▸ **Directions for this task**: Only the lines of the data below from the one with "T-shirt met opdruk" through the one with "Vue de dessus" are wanted. Repeat them exactly.

▸ **Entries supplied**:
------------------------

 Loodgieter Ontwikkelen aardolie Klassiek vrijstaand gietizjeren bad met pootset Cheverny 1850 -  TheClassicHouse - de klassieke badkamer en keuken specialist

------------------------

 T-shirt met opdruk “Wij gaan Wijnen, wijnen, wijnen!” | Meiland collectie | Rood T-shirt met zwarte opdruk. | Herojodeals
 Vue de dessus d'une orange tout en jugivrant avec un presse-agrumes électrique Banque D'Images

------------------------

▸ **Response box**:
 T-shirt met opdruk “Wij gaan Wijnen, wijnen, wijnen!” | Meiland collectie | Rood T-shirt met zwarte opdruk. | Herojodeals
 Vue de dessus d'une orange tout en jugivrant avec un presse-agrumes électrique Banque D'Images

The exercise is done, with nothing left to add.